DATASET EXCERPTS:

Segment Open

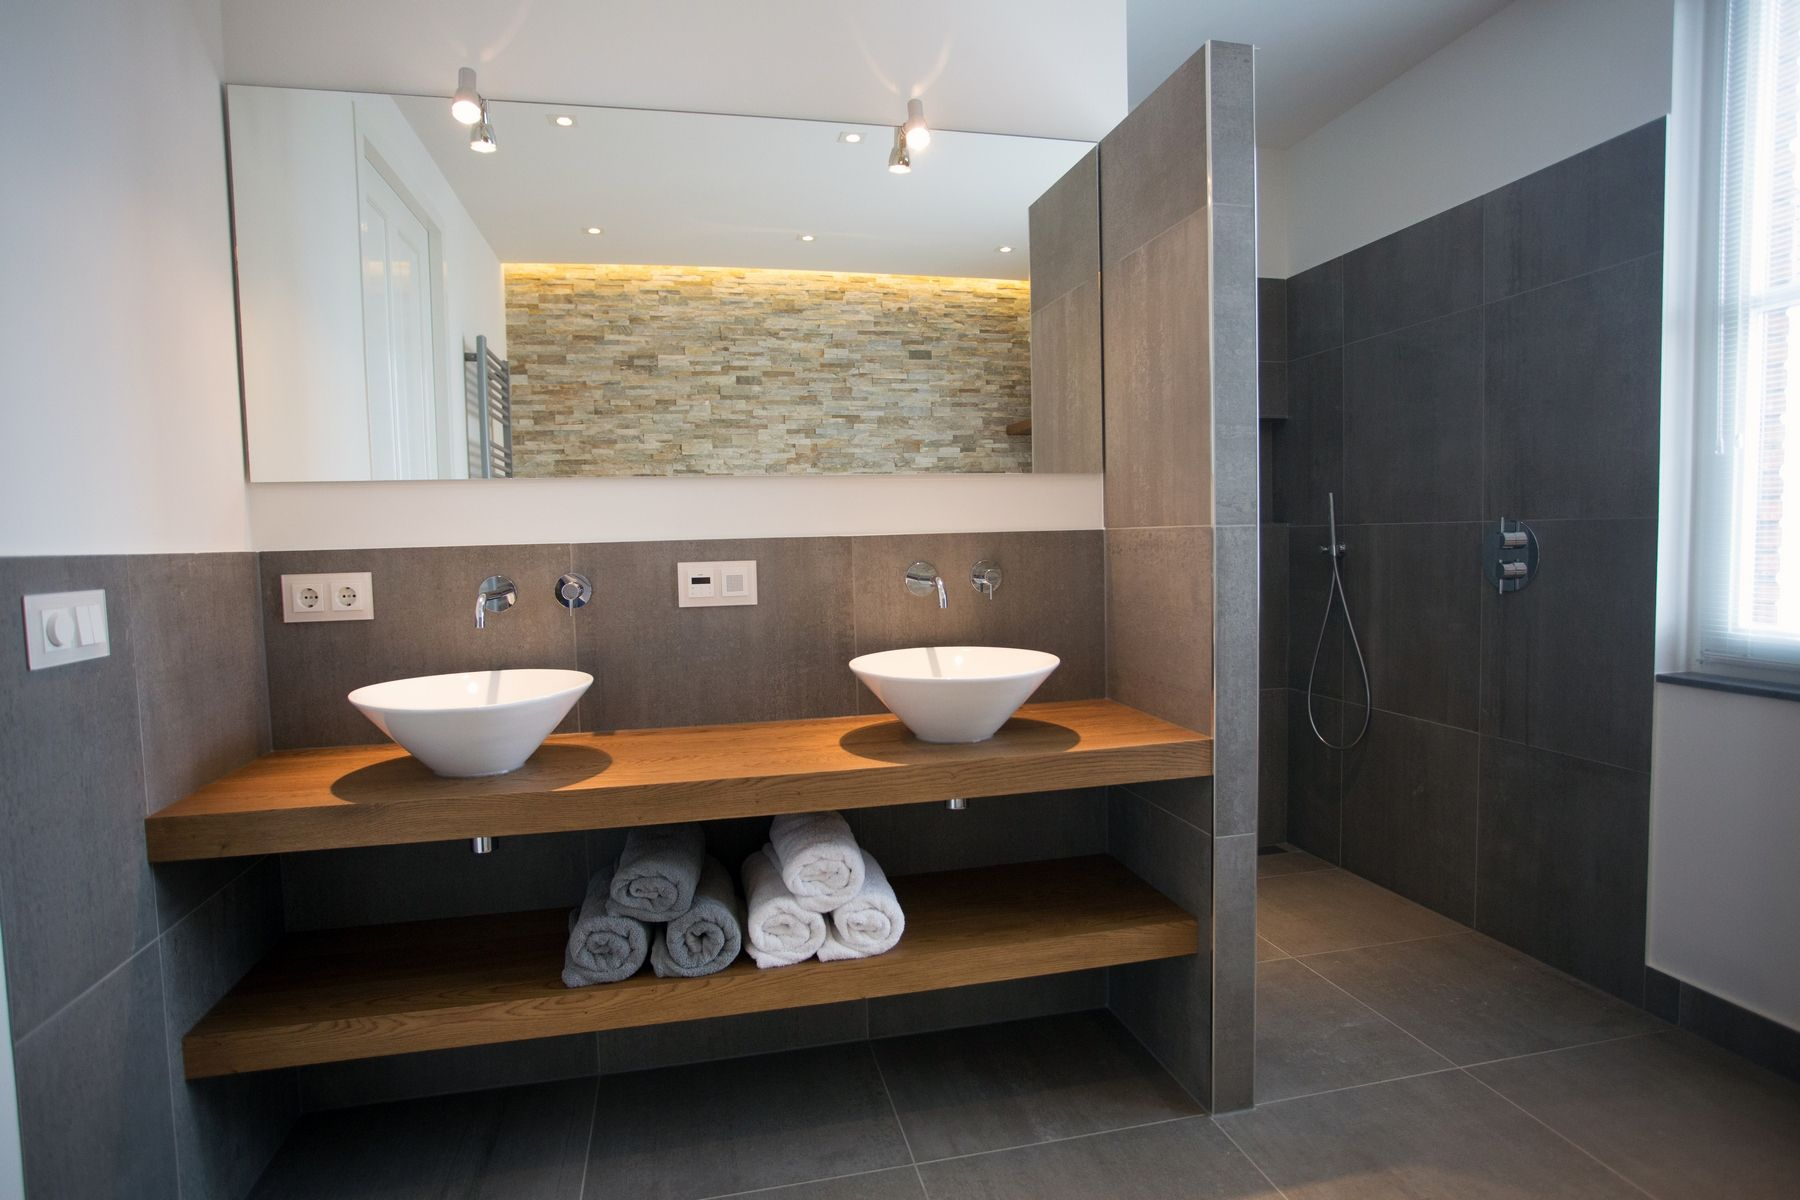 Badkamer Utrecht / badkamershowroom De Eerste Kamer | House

Segment Closed
Segment Open

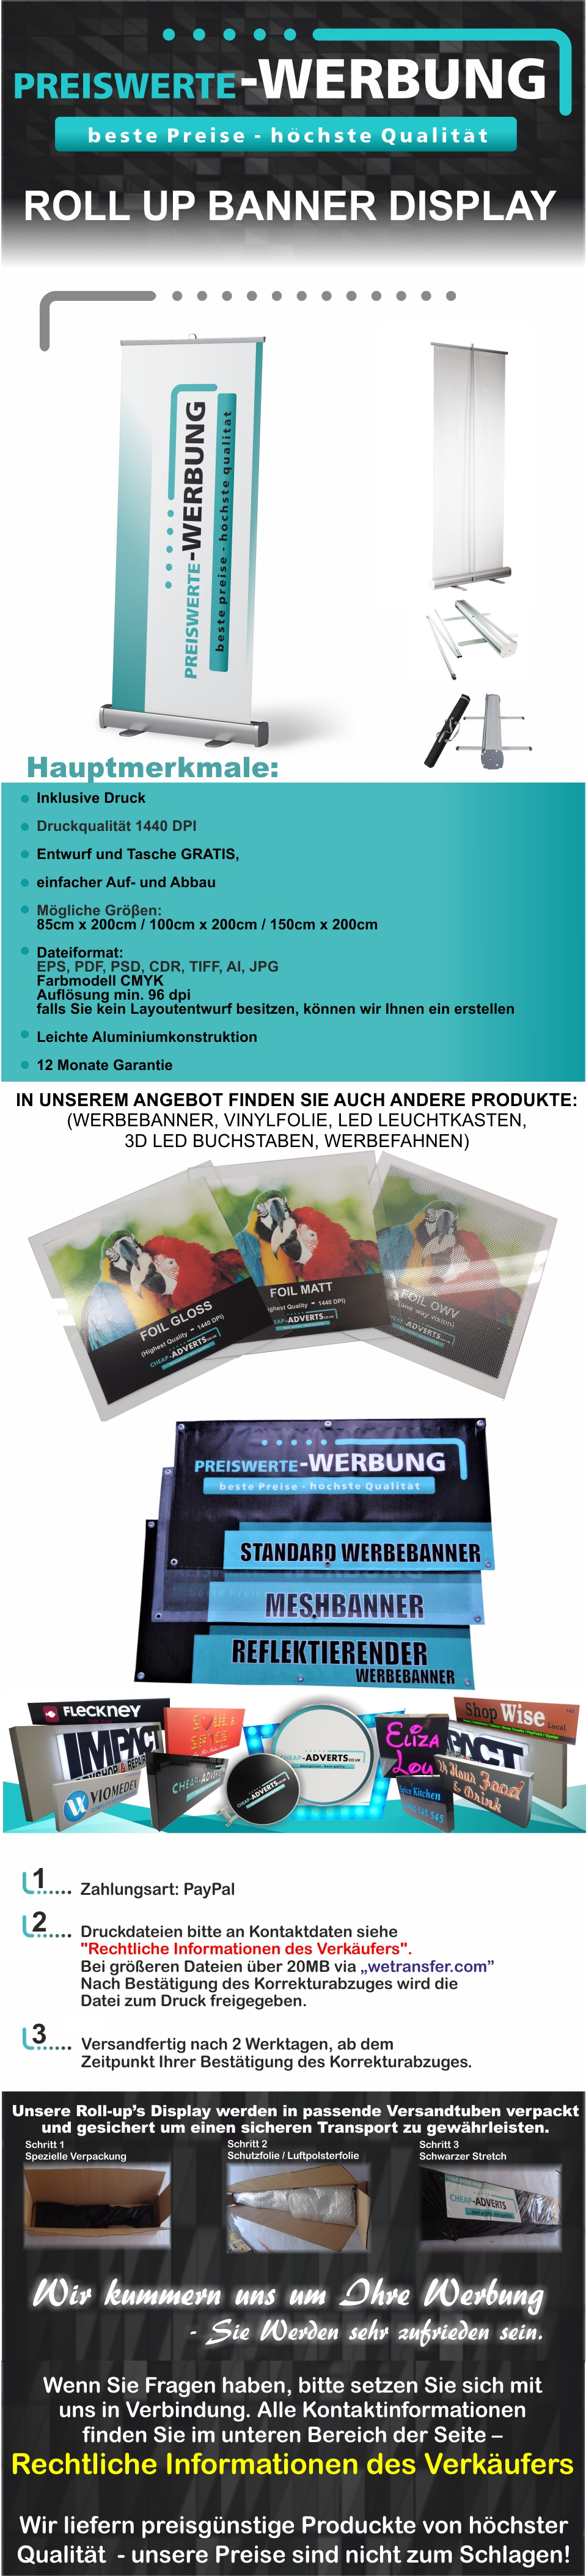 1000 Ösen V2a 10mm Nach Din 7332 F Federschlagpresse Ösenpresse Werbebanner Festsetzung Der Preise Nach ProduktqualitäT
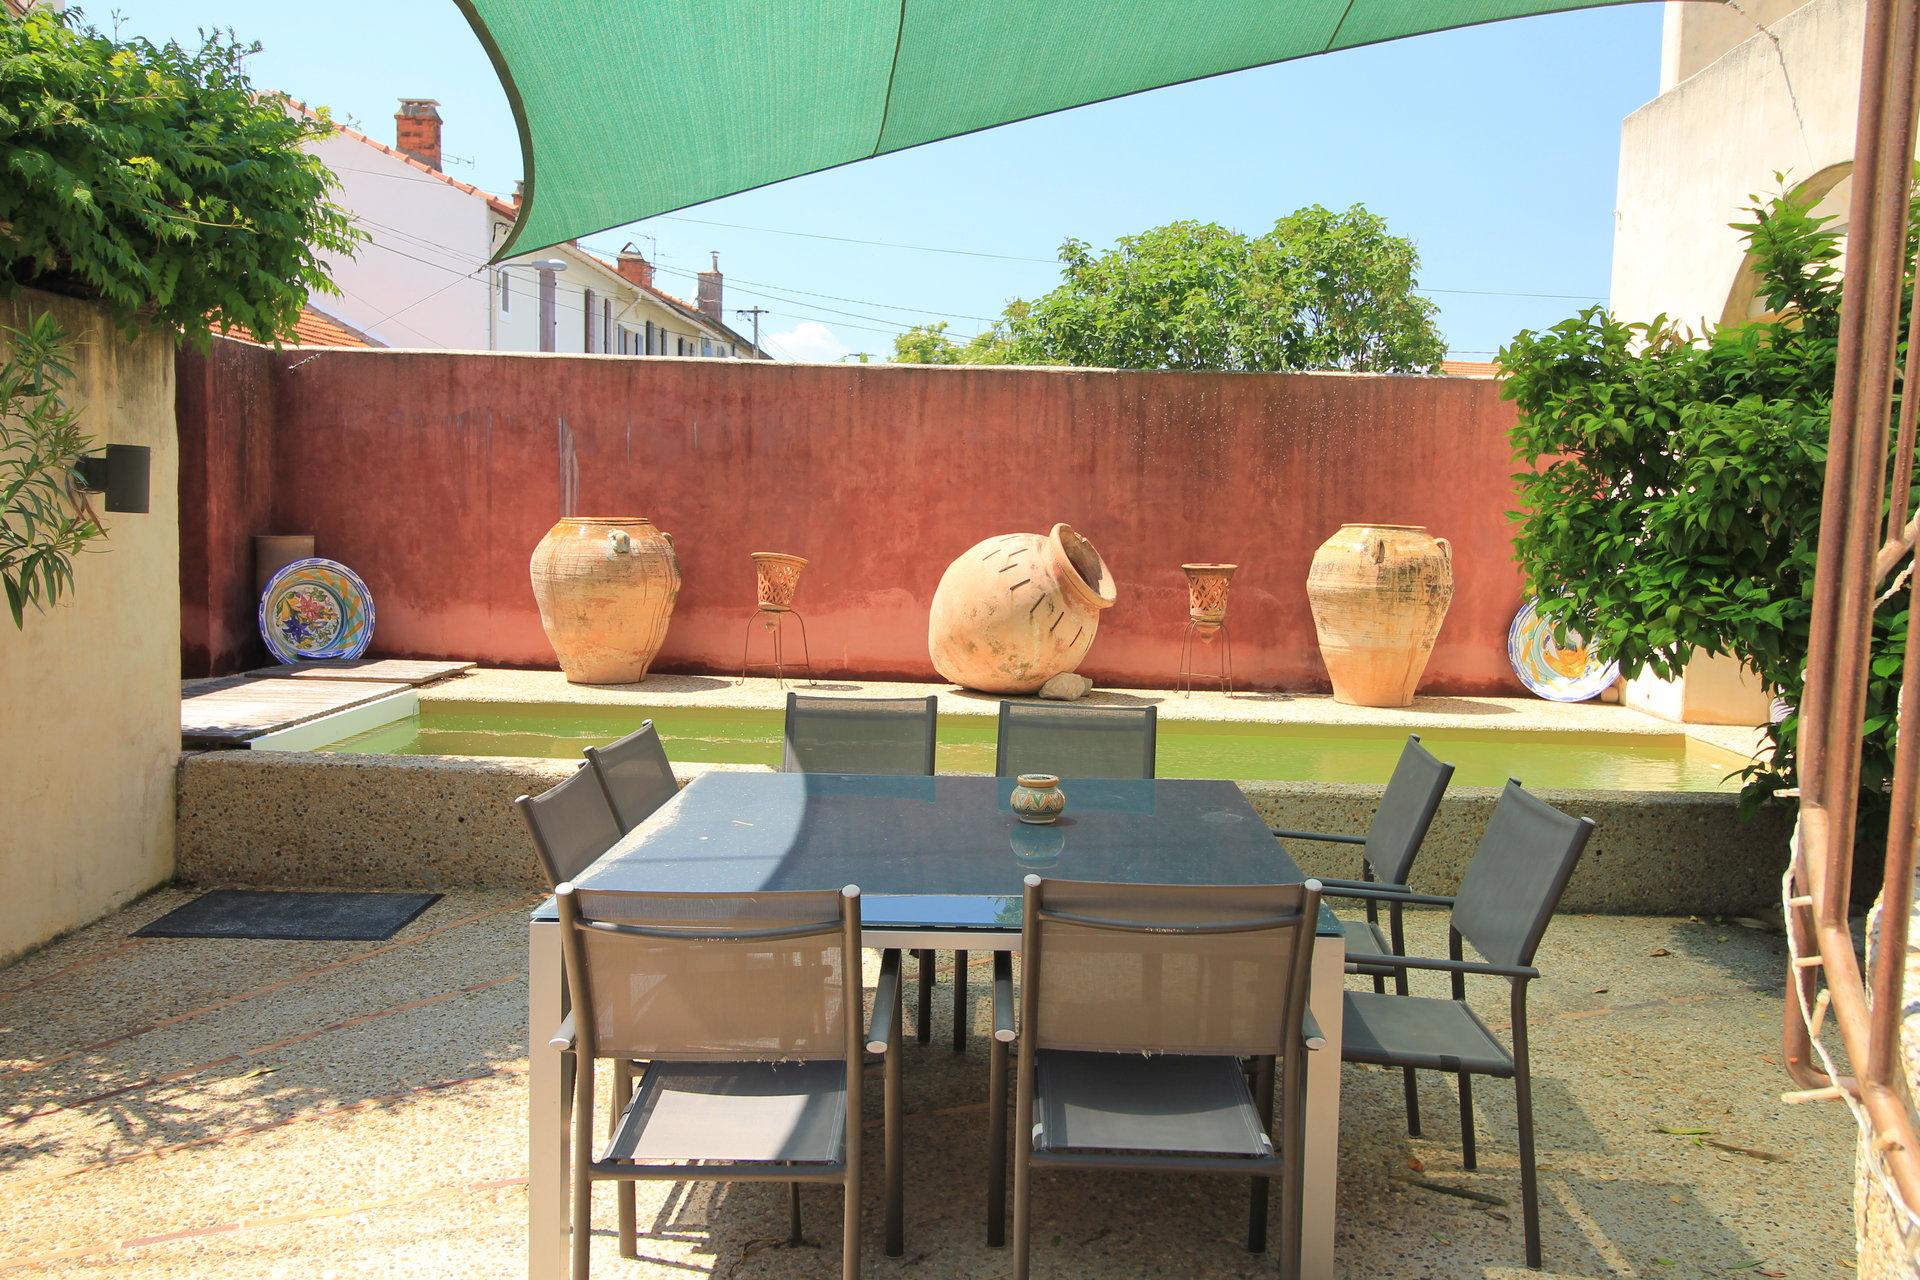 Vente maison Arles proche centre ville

Segment Closed

ACTION ITEM:
Repeat the lines above exactly, beginning with the one containing "1000 Ösen V2a" and finishing with the one containing "Vente maison Arles proche centre ville". No pictures belong in the copy.

SOLUTION:
 1000 Ösen V2a 10mm Nach Din 7332 F Federschlagpresse Ösenpresse Werbebanner Festsetzung Der Preise Nach ProduktqualitäT
 Vente maison Arles proche centre ville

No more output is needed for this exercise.